[Provided records — start]

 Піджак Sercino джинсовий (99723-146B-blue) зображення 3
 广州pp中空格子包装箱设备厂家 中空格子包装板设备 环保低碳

[Provided records — finish]
[Provided records — start]

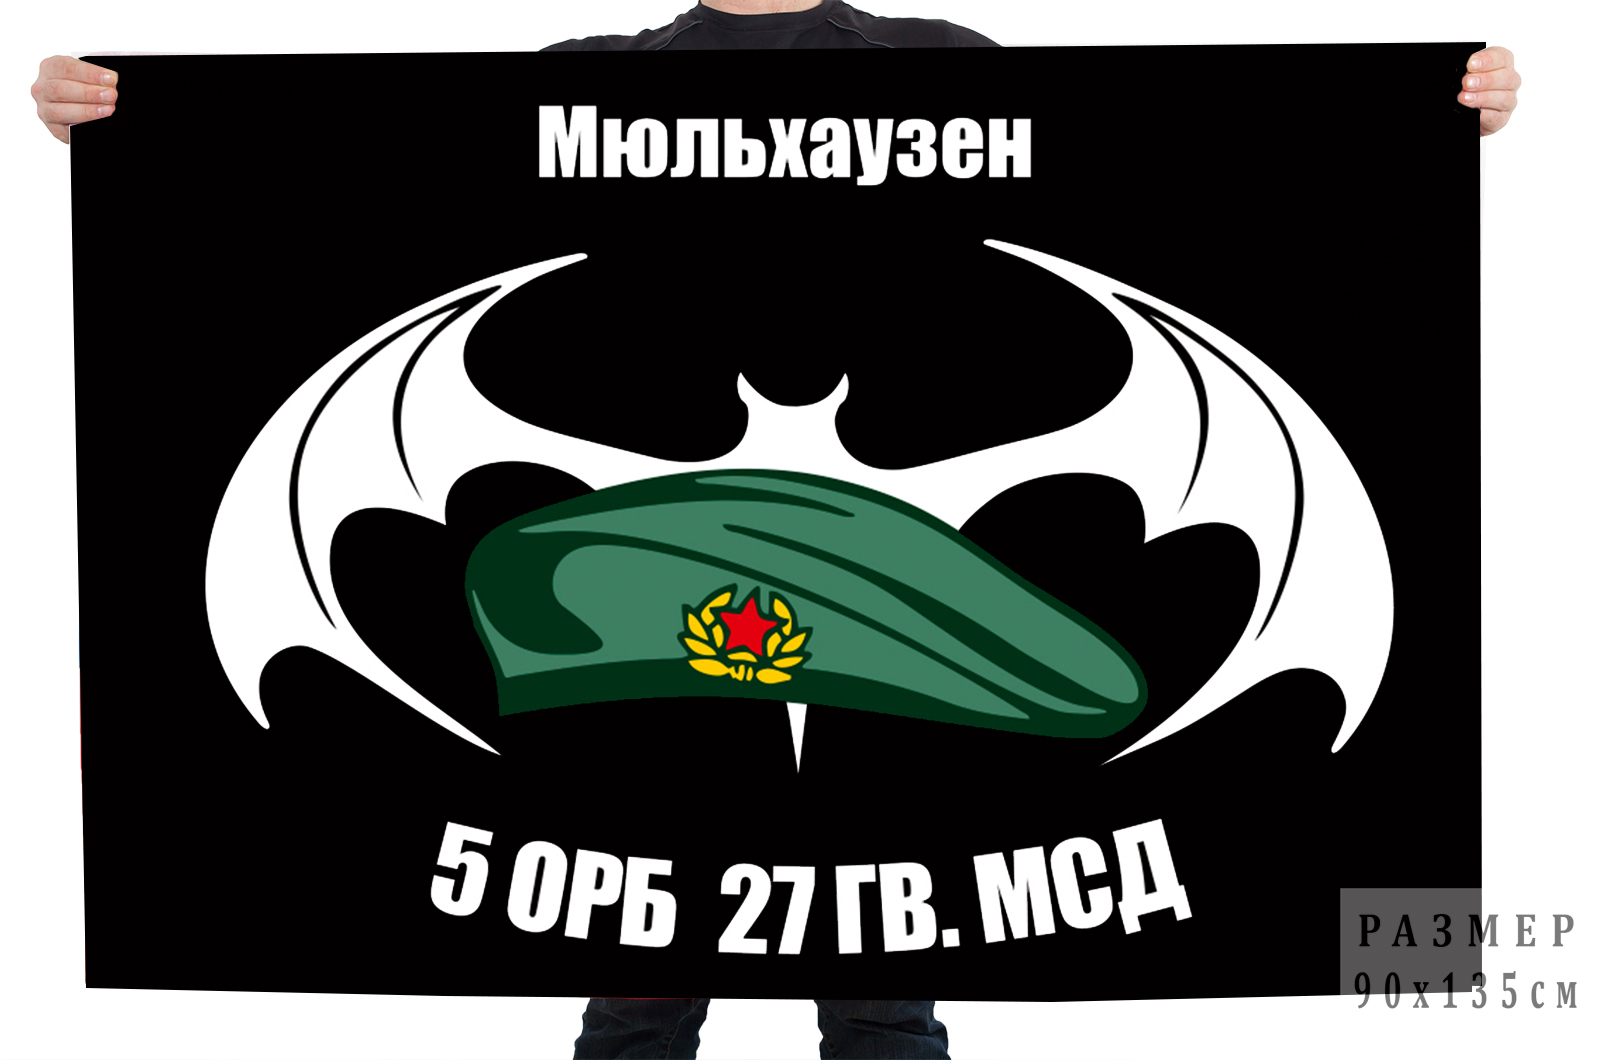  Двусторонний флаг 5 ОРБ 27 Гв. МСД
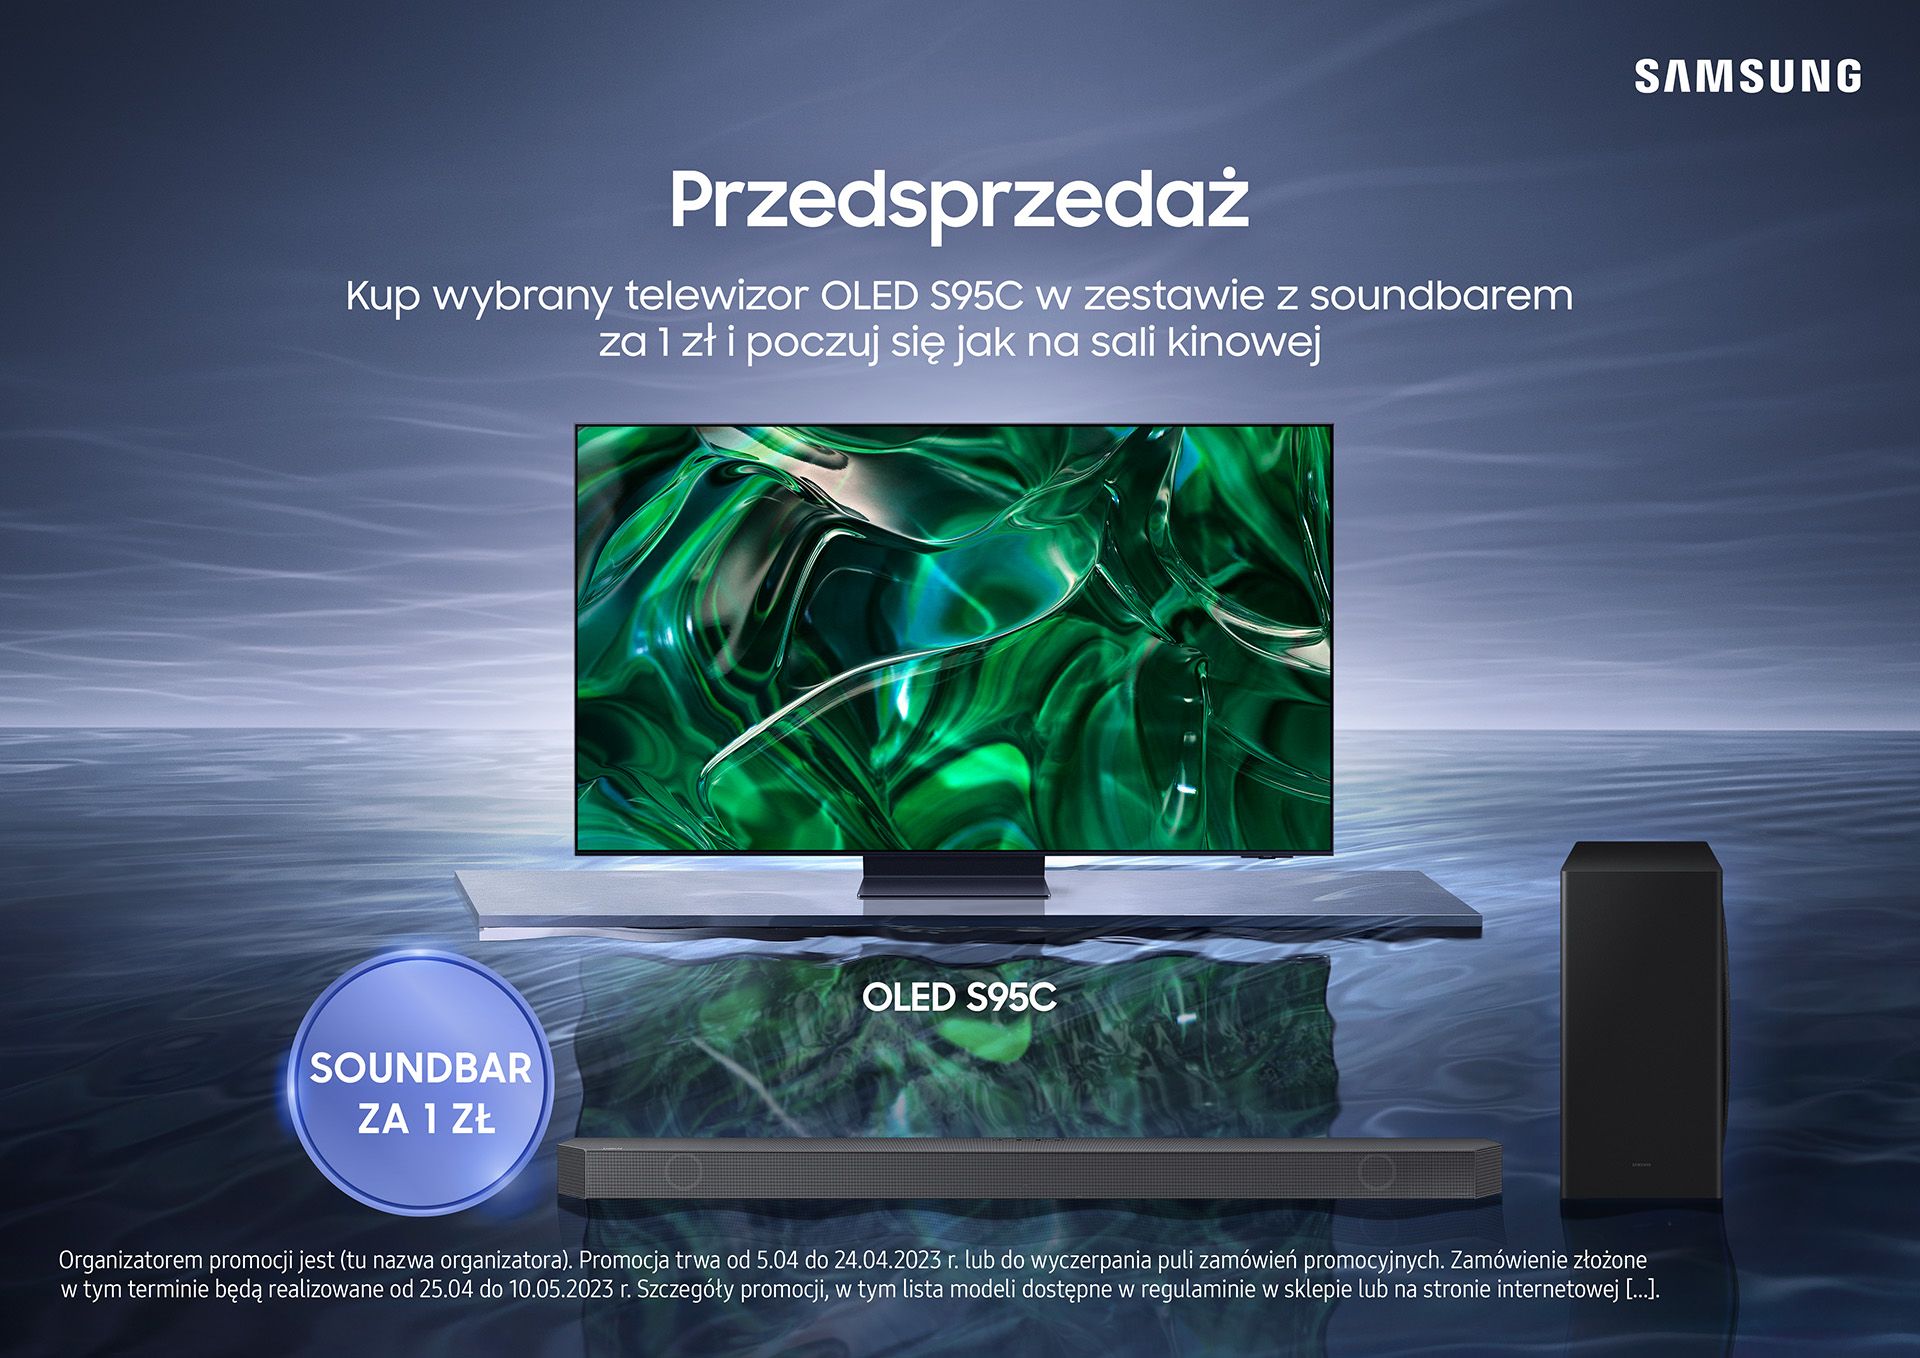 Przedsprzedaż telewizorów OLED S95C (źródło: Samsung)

[Provided records — finish]
[Provided records — start]

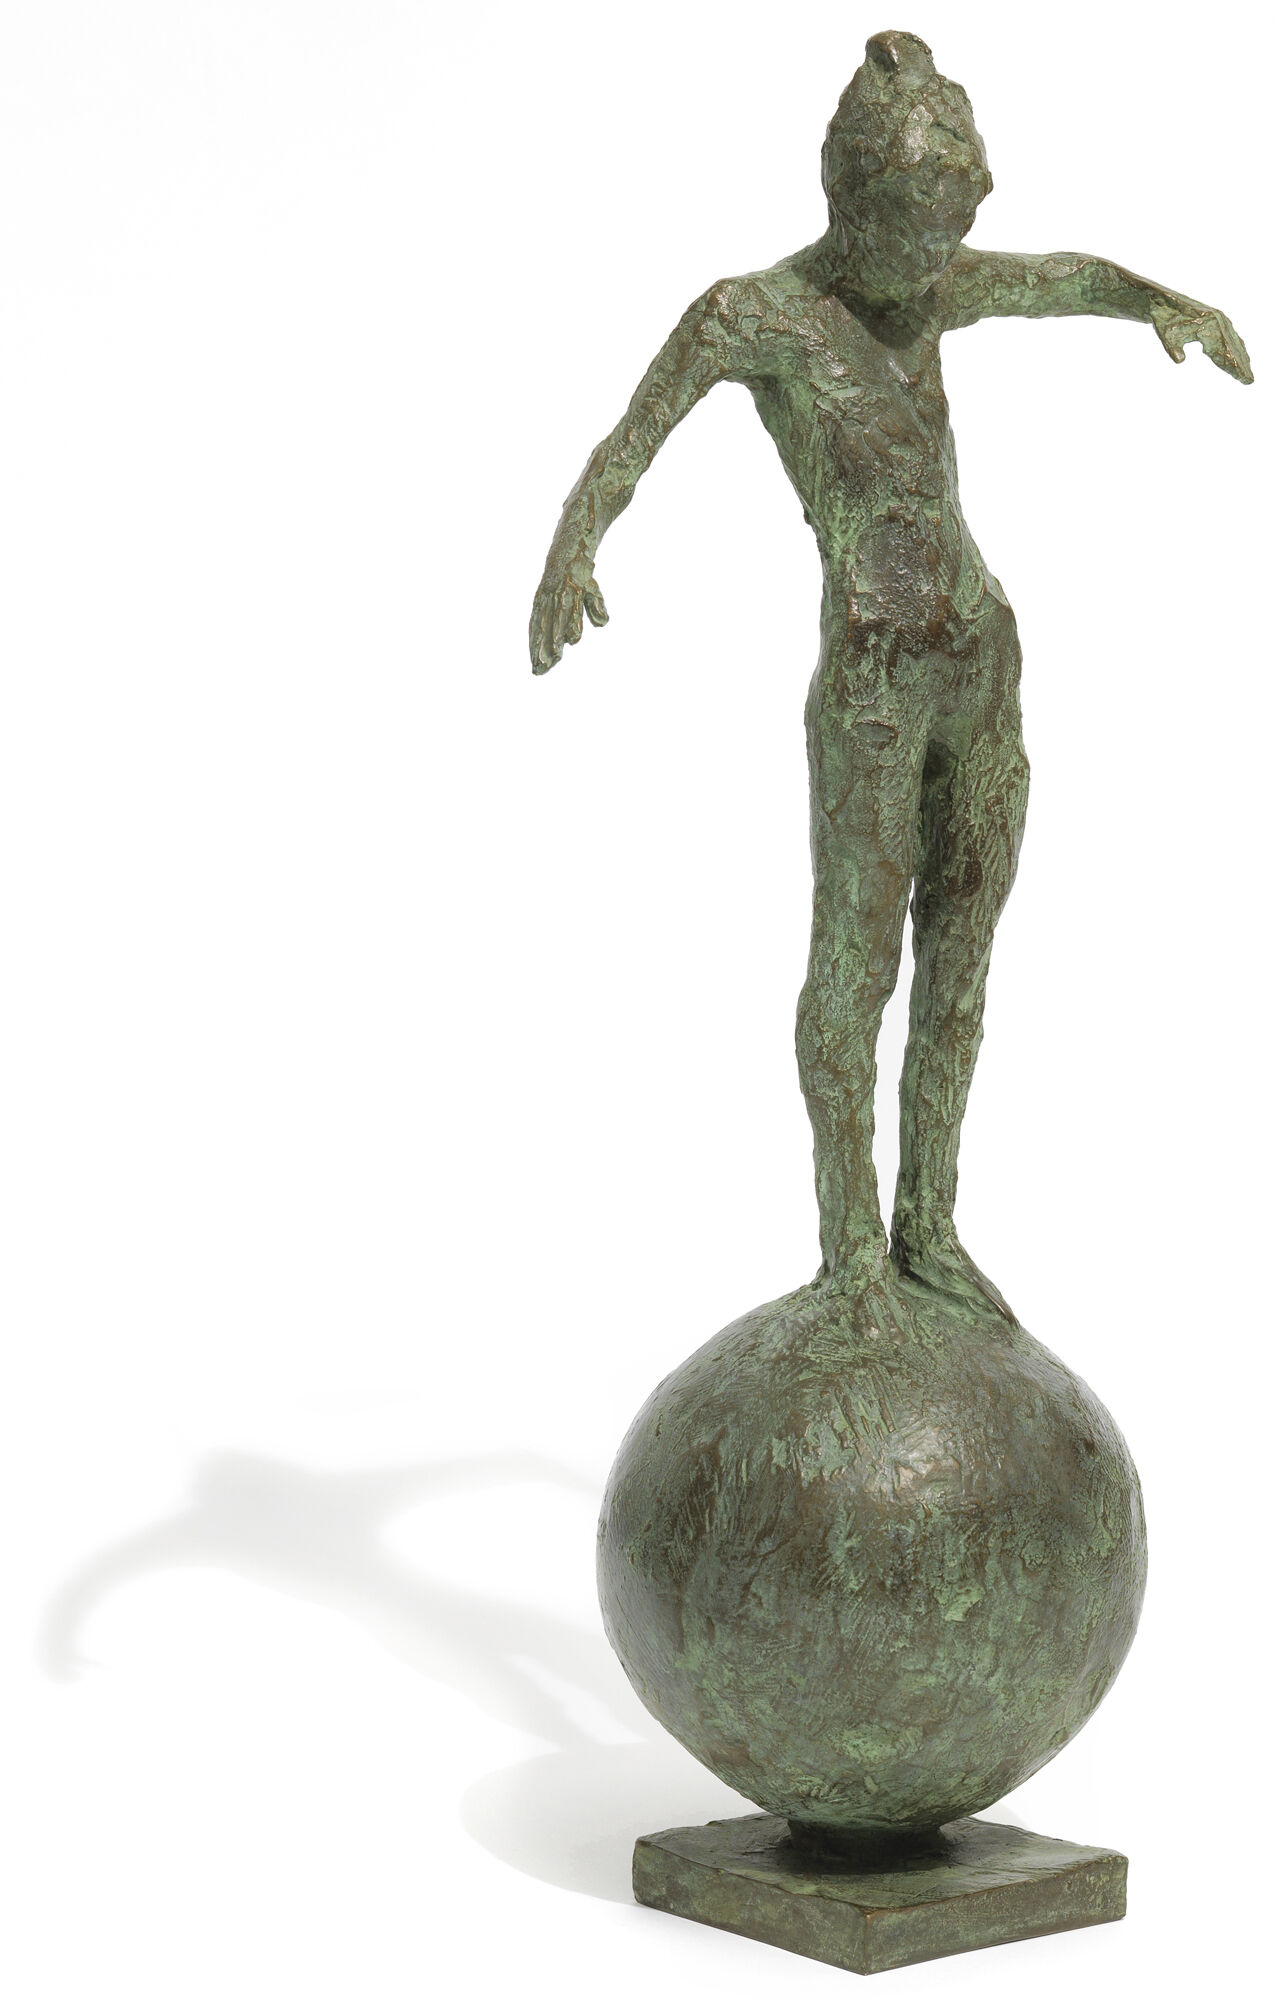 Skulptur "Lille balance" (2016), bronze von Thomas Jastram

[Provided records — finish]

- _What is needed_
Scan the lines above for "Піджак Sercino джинсовий" and for "广州pp中空格子包装箱设备厂家 中空格子包装板设备 环保低碳". Repeat exactly the line holding each of them and every line in between.

- _Response_
 Піджак Sercino джинсовий (99723-146B-blue) зображення 3
 广州pp中空格子包装箱设备厂家 中空格子包装板设备 环保低碳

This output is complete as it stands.